# Drinking too much water and vomiting?



## spoosrule (Feb 16, 2008)

Yep. Savannah will sometimes drink too much and throw up the water. Not really after a meal though, it's usually after having been outside. She's always fine afterwards.


----------



## Sami (Feb 9, 2010)

Are dogs sometimes do this after being outside for a while then coming in. They just drink to much and puck some of it up. If we see them going spastic at the water we just tell them to relax and have them stop drinking it for a few minutes then let them go back to it if they want. That usually relaxs them enough so they dont over drink.


----------



## CelticKitti (Jul 1, 2010)

Is she vomiting, or regurgitating? Mia used to regurgitate water ALL the time. She drank it to fast then it would just come up a few minuets later. I think she was drinking the water to fast, and swallowing air at the same time. We had a MAJOR problem(3-4 times a day), not just occasional regurgitation. 

I started by limiting the amount of water she could have at one time. But I was worried I wouldn't give her enough if she was really thirsty. (she always acted like she was super thirsty) I purchased a DrinkBetter Bowl. It has a float that only allows them a small amount of water available at a time. I think this has slowed her down, and prevented her from gulping. It did also help with those pesky dribbles that seemed to follow her away from the bowl. Recently we haven't had any problem with regurgitation. I believe the bowl helped her learn how to drink, and she's gotten older and has matured.

Here is their website. I got both of mine off of ebay. DrinkBetter Pet Water Bowl - Contech Enterprises Inc.


----------



## Margotsmom (Jun 6, 2010)

Well you can my girl to the drink too much too fast and puke crowd! Thanks for the Drinkwell info.
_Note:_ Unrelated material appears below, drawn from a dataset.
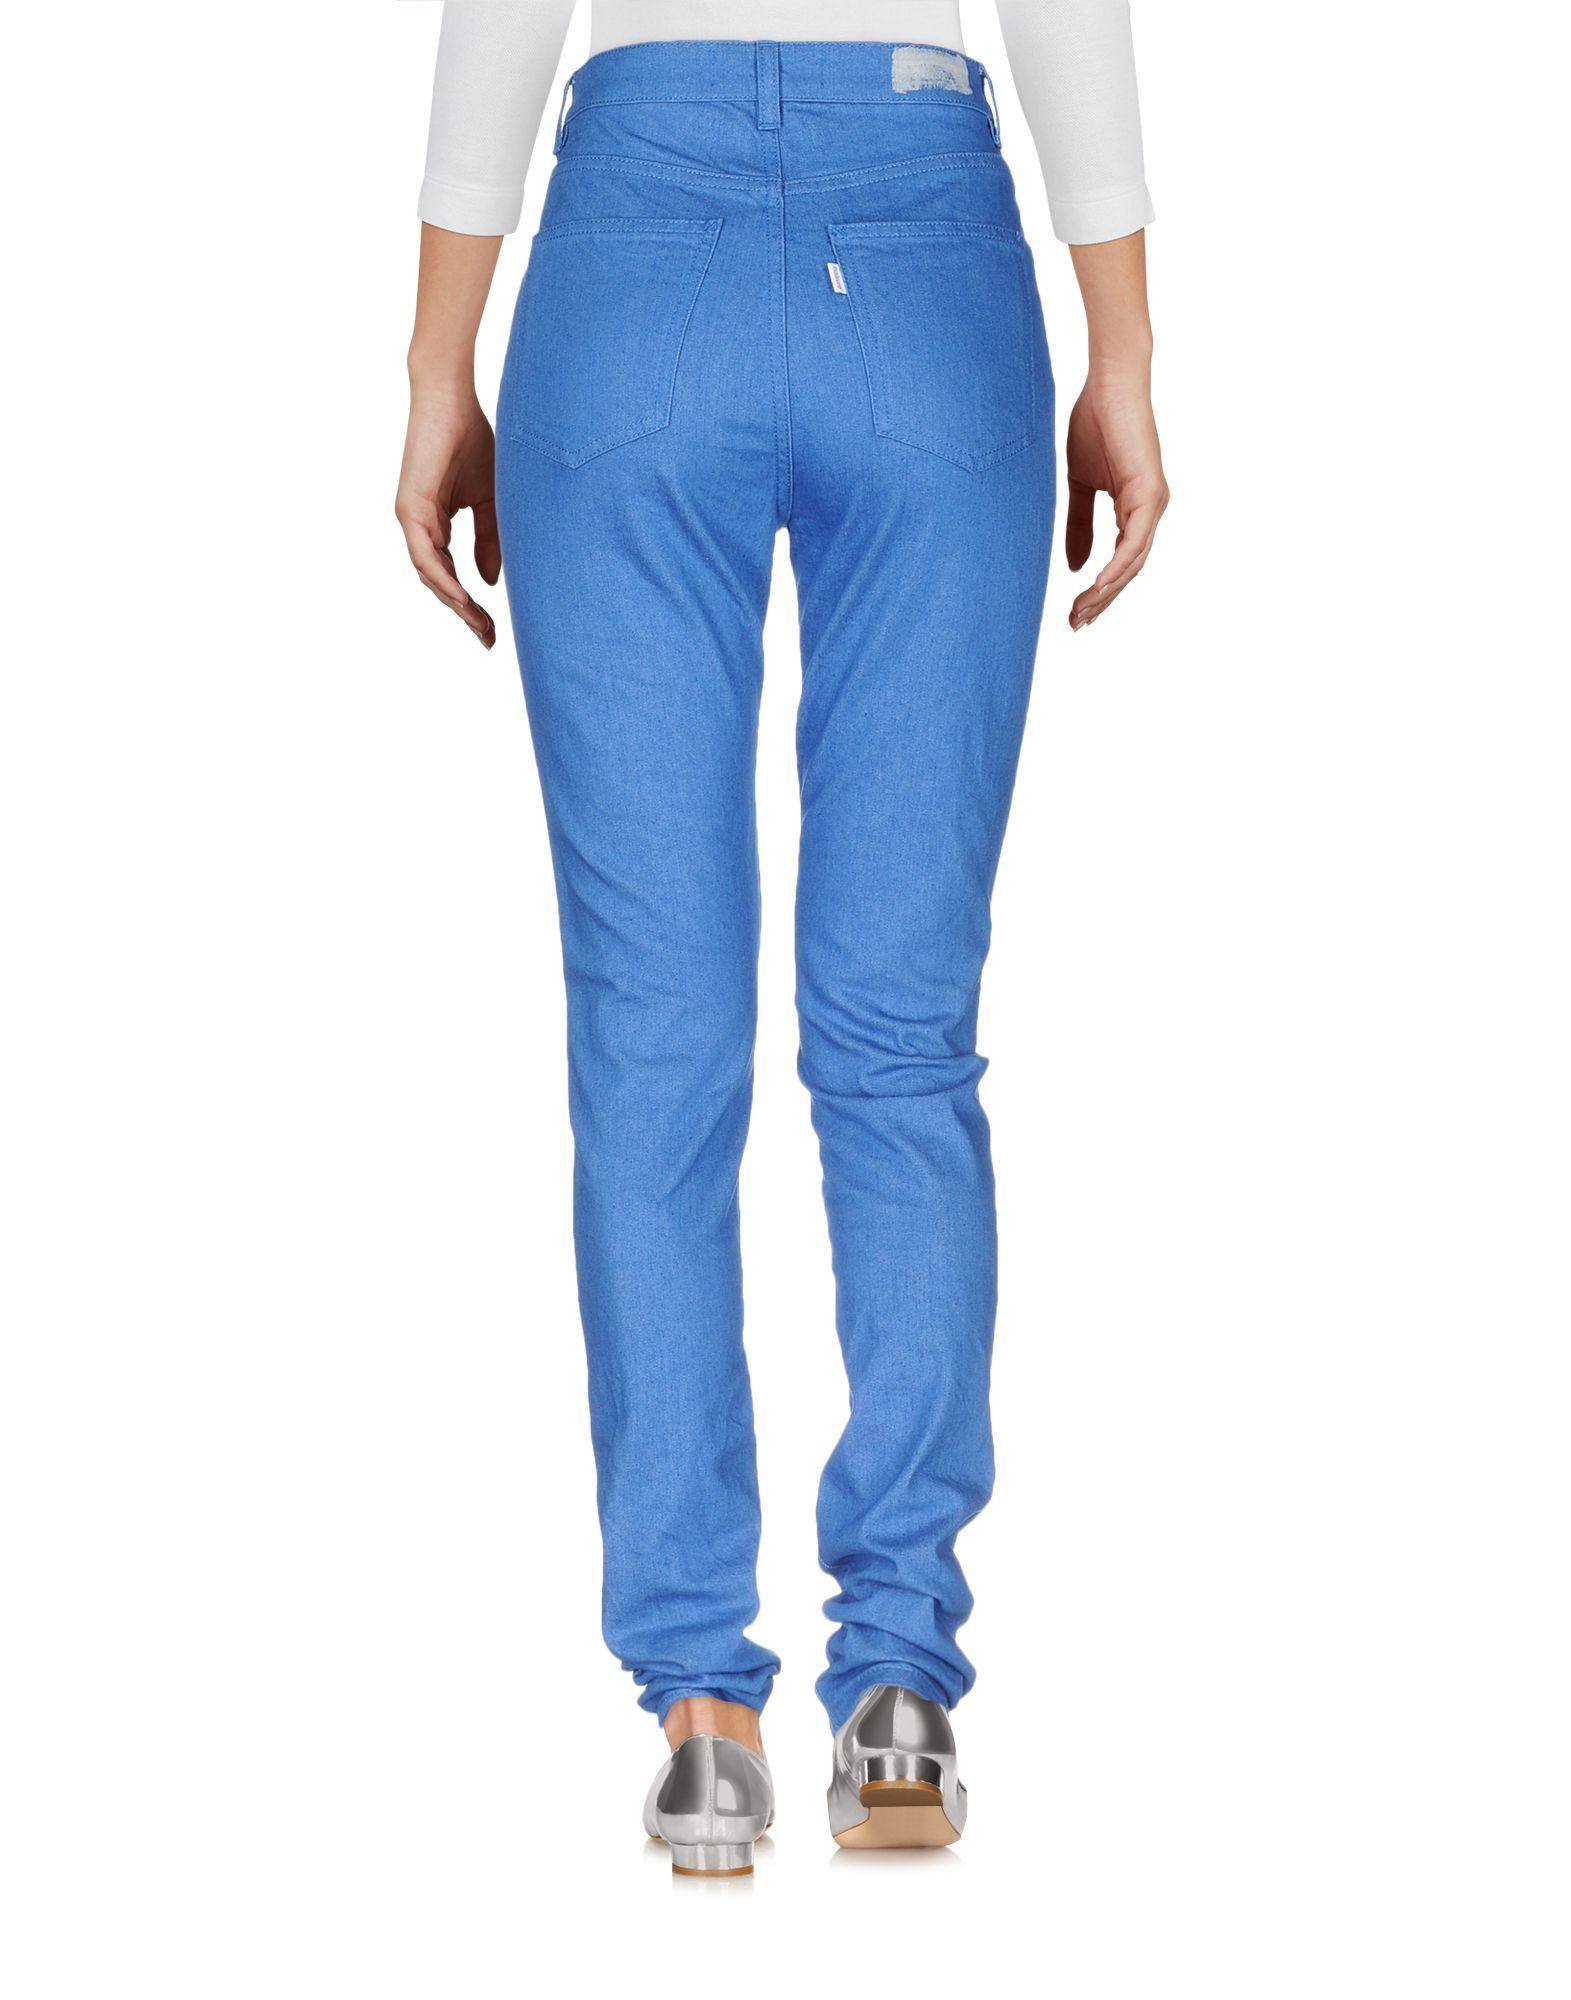 Denim Haikure Dark Blue Women's Cotton

I too had been trying to call her off the water, rationing water, and put some of those large balls that are for making them eat more slowly, all to no avail. And yes needing to mop up the trail from the bowl, and the lovely mess when she comes over and lays her muzzle down on the arm of my leather chair... Off to get a Drinkwell!


----------



## CelticKitti (Jul 1, 2010)

I highly suggest eBay!! I got it for about 1/2 the price.


----------



## bluespoomommy (Feb 25, 2010)

Thanks for suggesting the drinkbetter bowl. I think cause the weather's hot and she has a problem controlling her water intake. I mean you'd think she was dying of thirst or something! Good to know I'm not alone in this.


----------



## Birdie (Jun 28, 2009)

Desmond used to have a problem with this, but I just started calling him over if he was drinking way too much. I hear "laplaplaplaplaplap..." and I just distract him from it before he drinks too much too fast. Works for me, he rarely ever regurgitates water anymore.


----------



## Winnow (Jan 2, 2010)

Vaka does this all the time. I should maybe try the drink better bowl.


----------



## Pamela (Sep 9, 2008)

yes - Teddy does this too only I never know when its gonna happen!!! grrrrr


----------



## bluespoomommy (Feb 25, 2010)

i wonder if this is an issue mostly with deep chested dogs like poodles. i've had a pitbull and chihuahuas in the past and never encountered this before!


----------



## Margotsmom (Jun 6, 2010)

Hmmm while not the same size, I have 8 Chinese Cresteds with deep chests and not happening with them. And I have a friend with an over-sized Cirneco dell Etna (rabbit hunting sighthound from Italy - I know, I didn't know what one was until she said she was getting one) and she doesn't do it to my knowledge. I'll start asking people on the street.


----------



## Locket (Jun 21, 2009)

I would be very careful about injesting so much water so quickly, especially before and after exercise as that can cause bloat.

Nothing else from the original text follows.